BEGIN Given material

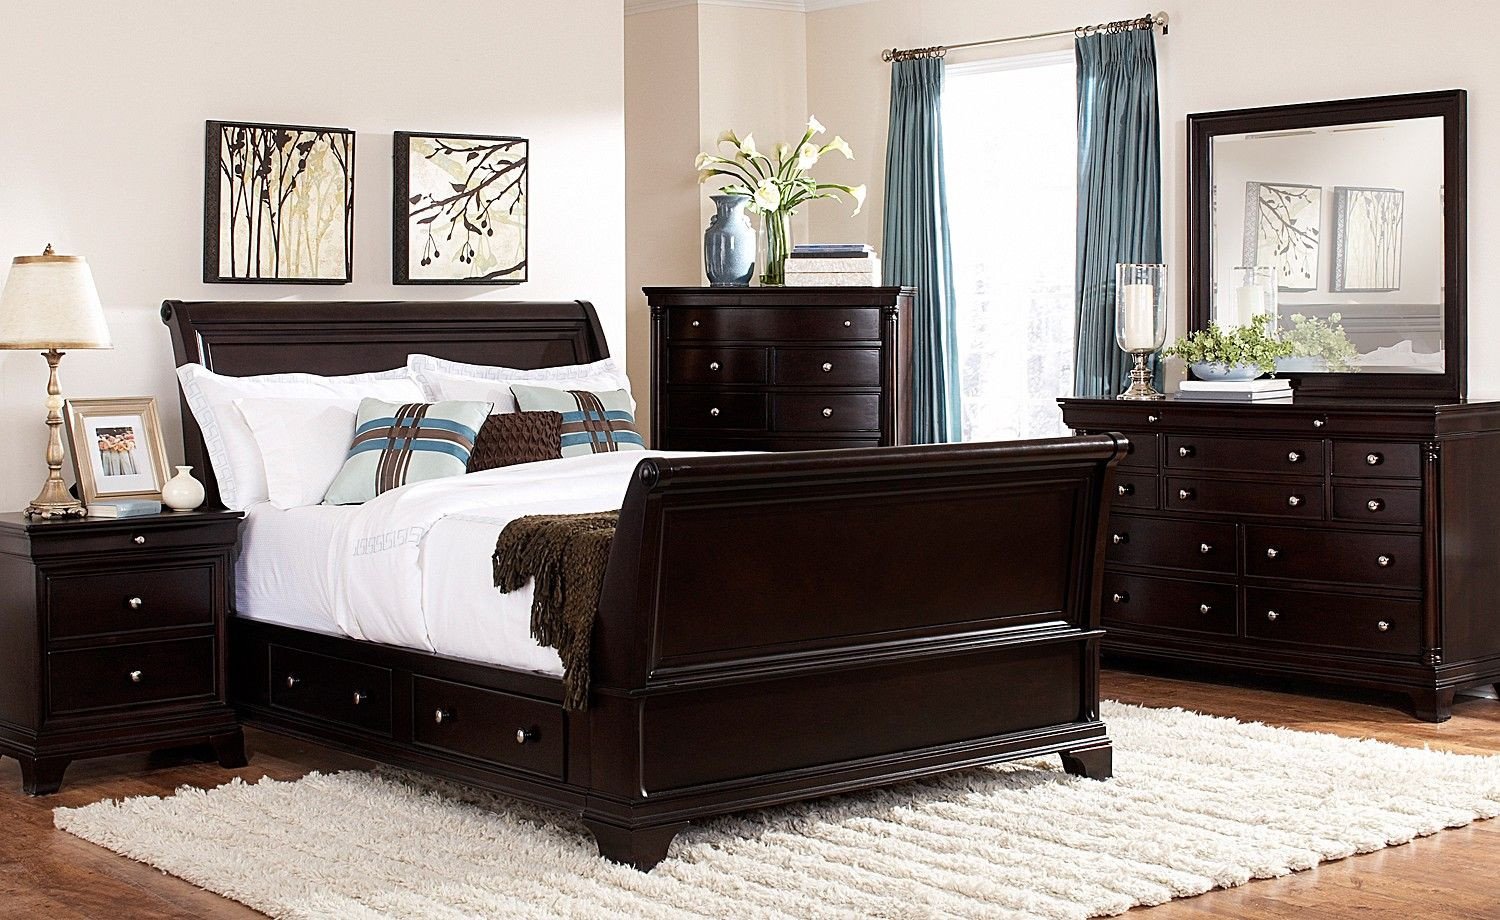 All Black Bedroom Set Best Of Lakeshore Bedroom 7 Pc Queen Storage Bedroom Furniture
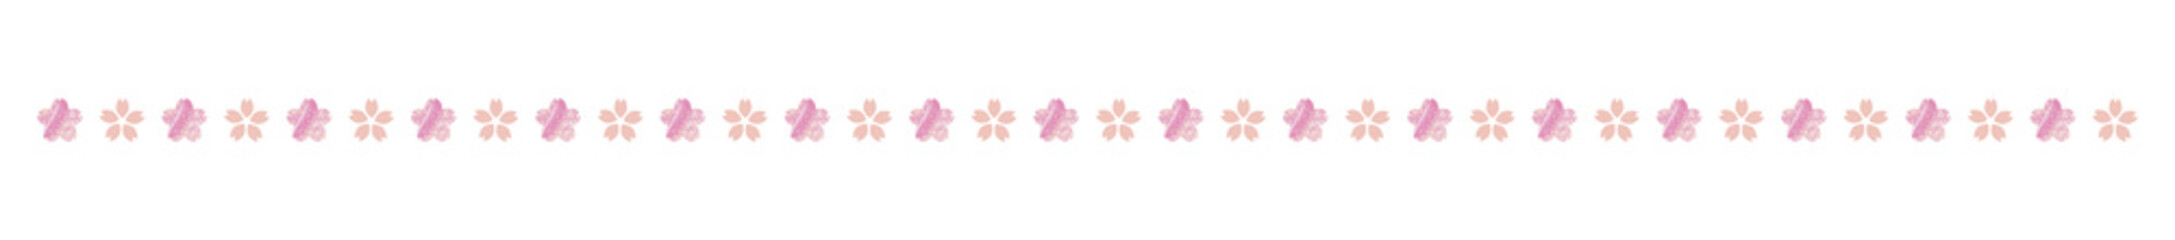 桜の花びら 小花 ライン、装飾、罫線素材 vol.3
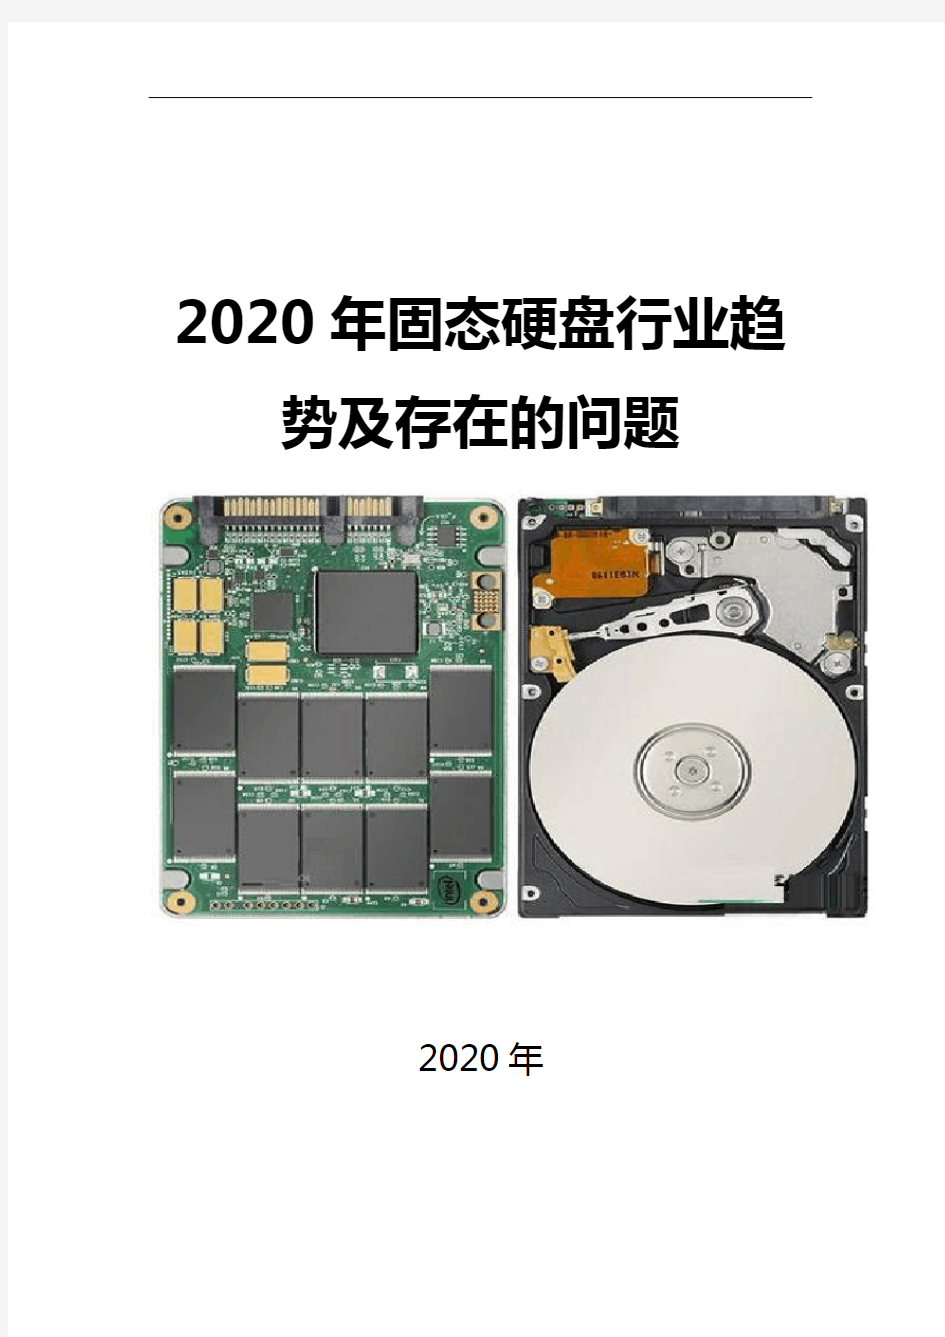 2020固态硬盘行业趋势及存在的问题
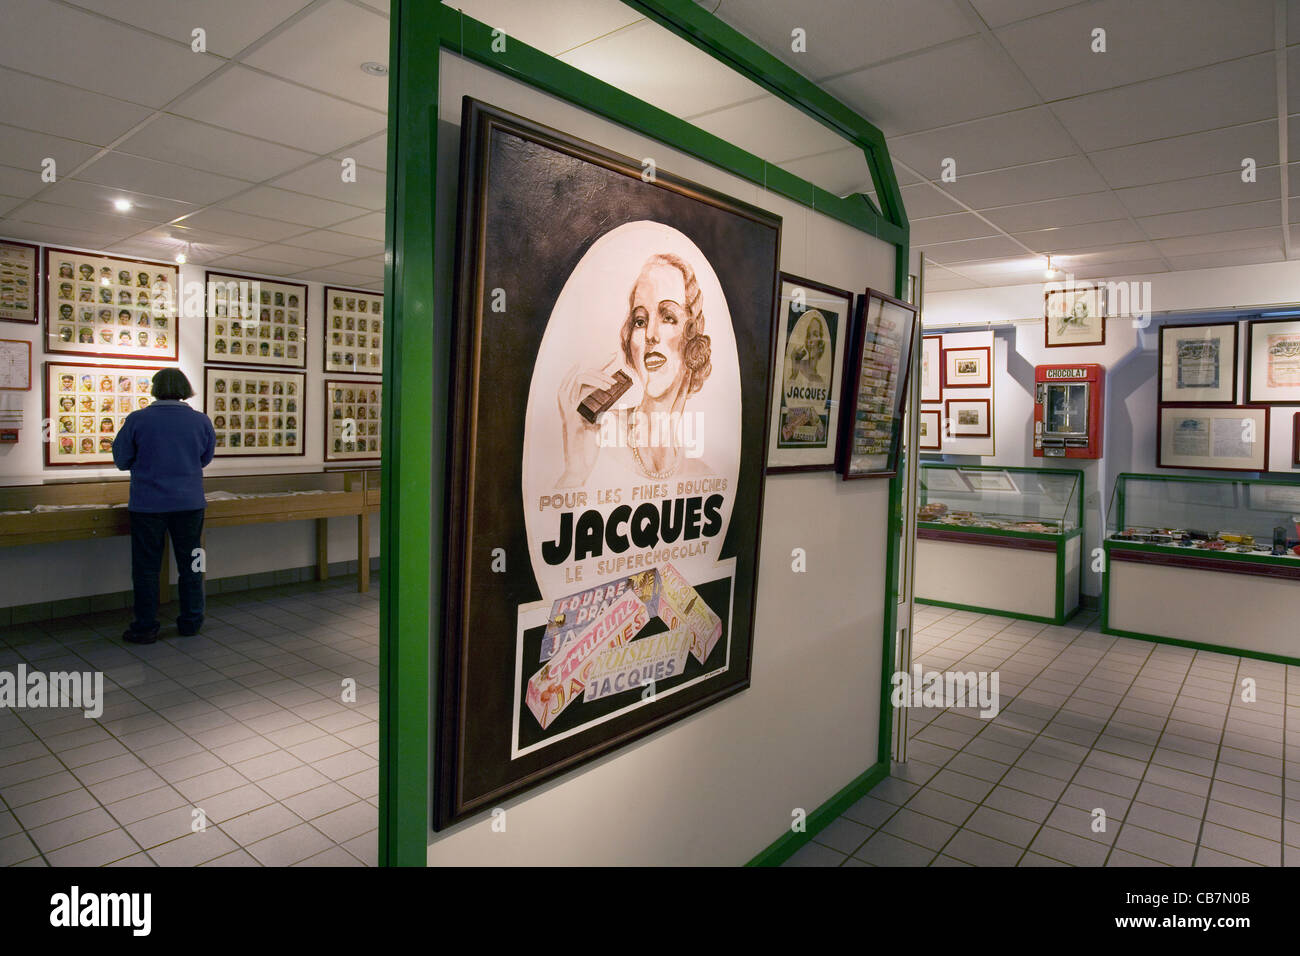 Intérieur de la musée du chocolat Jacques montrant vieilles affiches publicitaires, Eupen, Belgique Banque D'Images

END Given material

Skipping the pictures, transcribe each line above exactly as it appears.

 All Black Bedroom Set Best Of Lakeshore Bedroom 7 Pc Queen Storage Bedroom Furniture
 桜の花びら 小花 ライン、装飾、罫線素材 vol.3
 2020固态硬盘行业趋势及存在的问题
 Intérieur de la musée du chocolat Jacques montrant vieilles affiches publicitaires, Eupen, Belgique Banque D'Images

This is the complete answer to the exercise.